======== Information shown
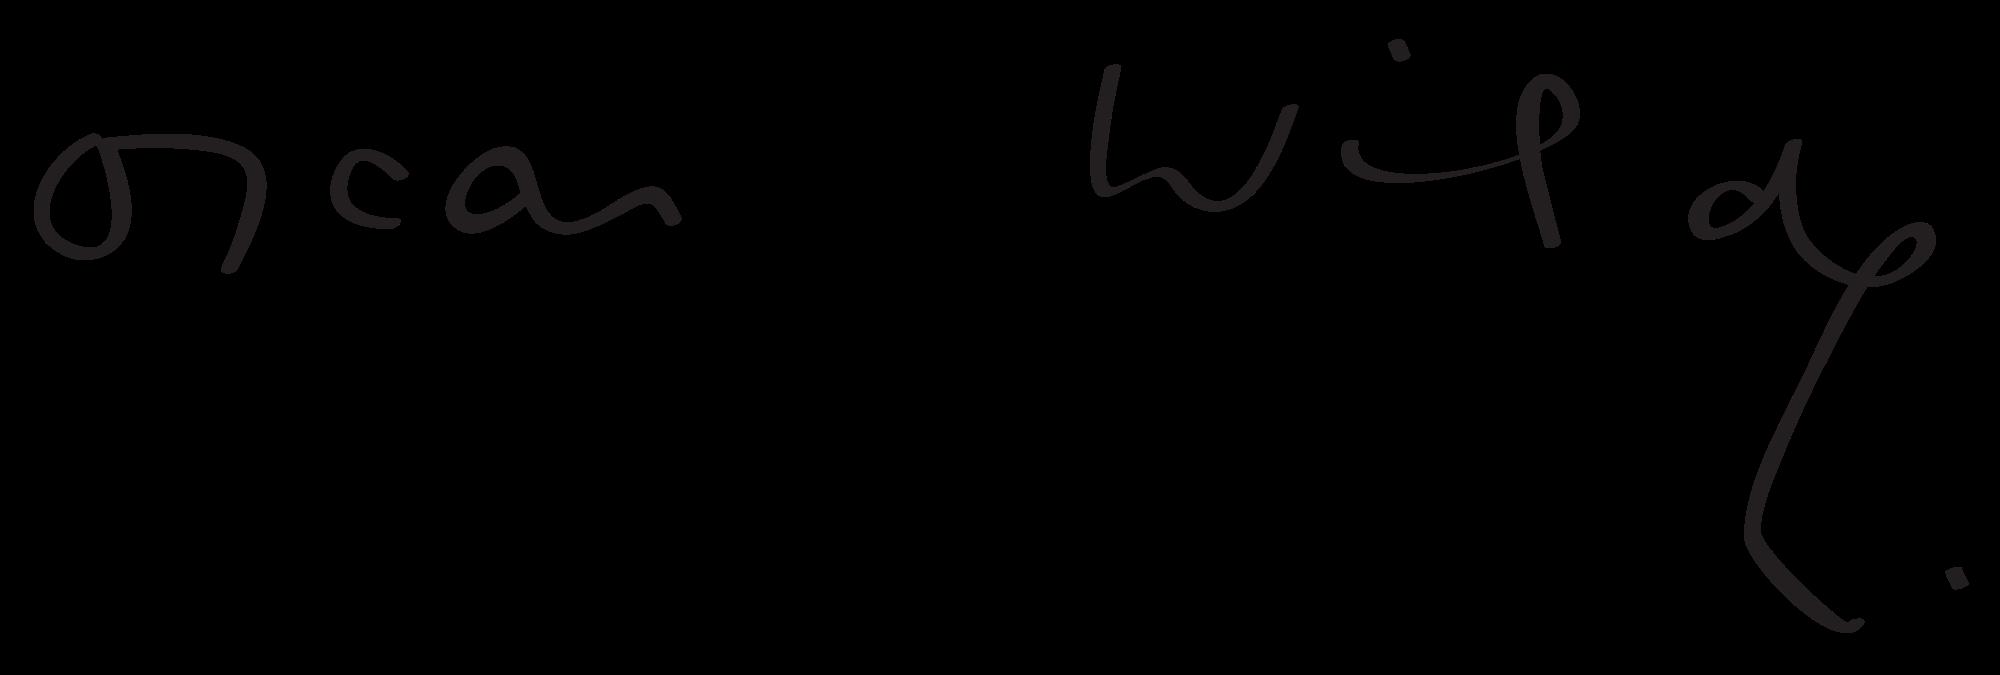 oscar wilde, imza, signture
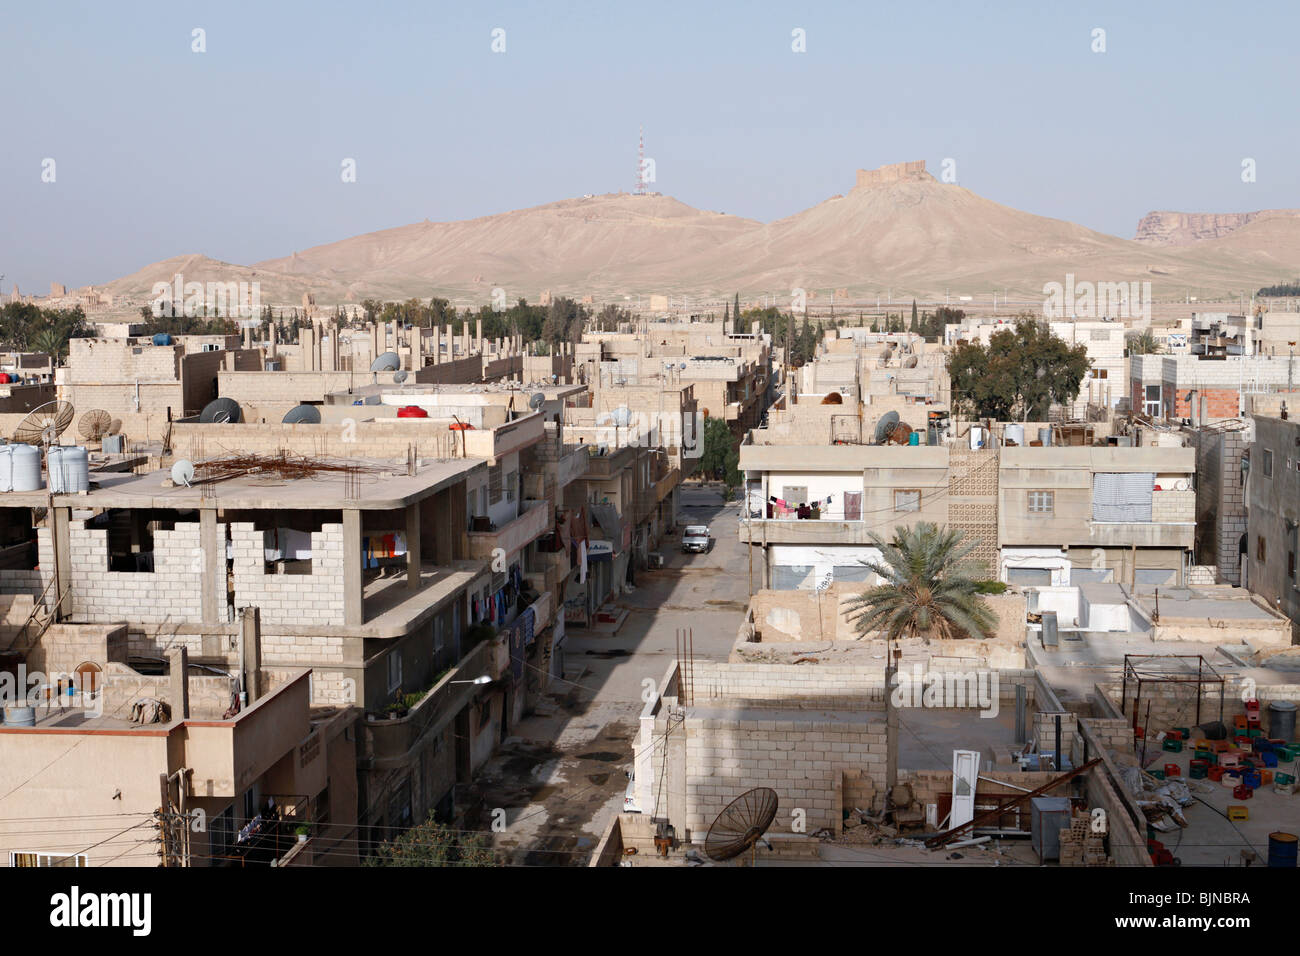 City of Tadmur near  Palmyra in Syria. On the hill top is Fakhreddin Almaani castle. - Stock Image
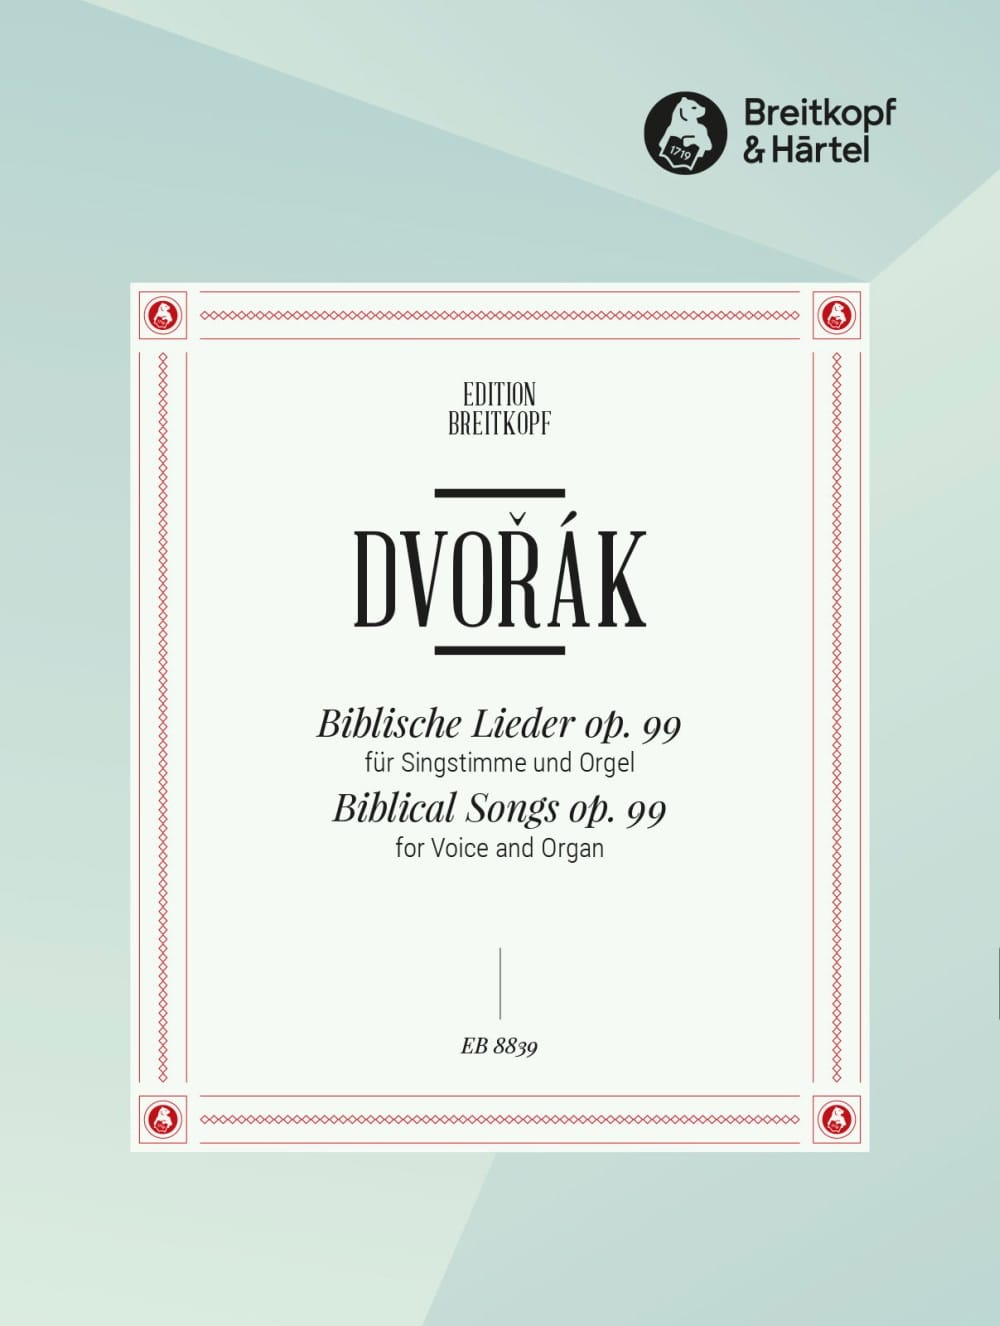 Biblische Lieder op. 99 - DVORAK - Partition - laflutedepan.com
================
## Exercise goal:
Leave out the pictures and copy the rest of the material above exactly.

## Solved problem:
 oscar wilde, imza, signture
 City of Tadmur near  Palmyra in Syria. On the hill top is Fakhreddin Almaani castle. - Stock Image
 Biblische Lieder op. 99 - DVORAK - Partition - laflutedepan.com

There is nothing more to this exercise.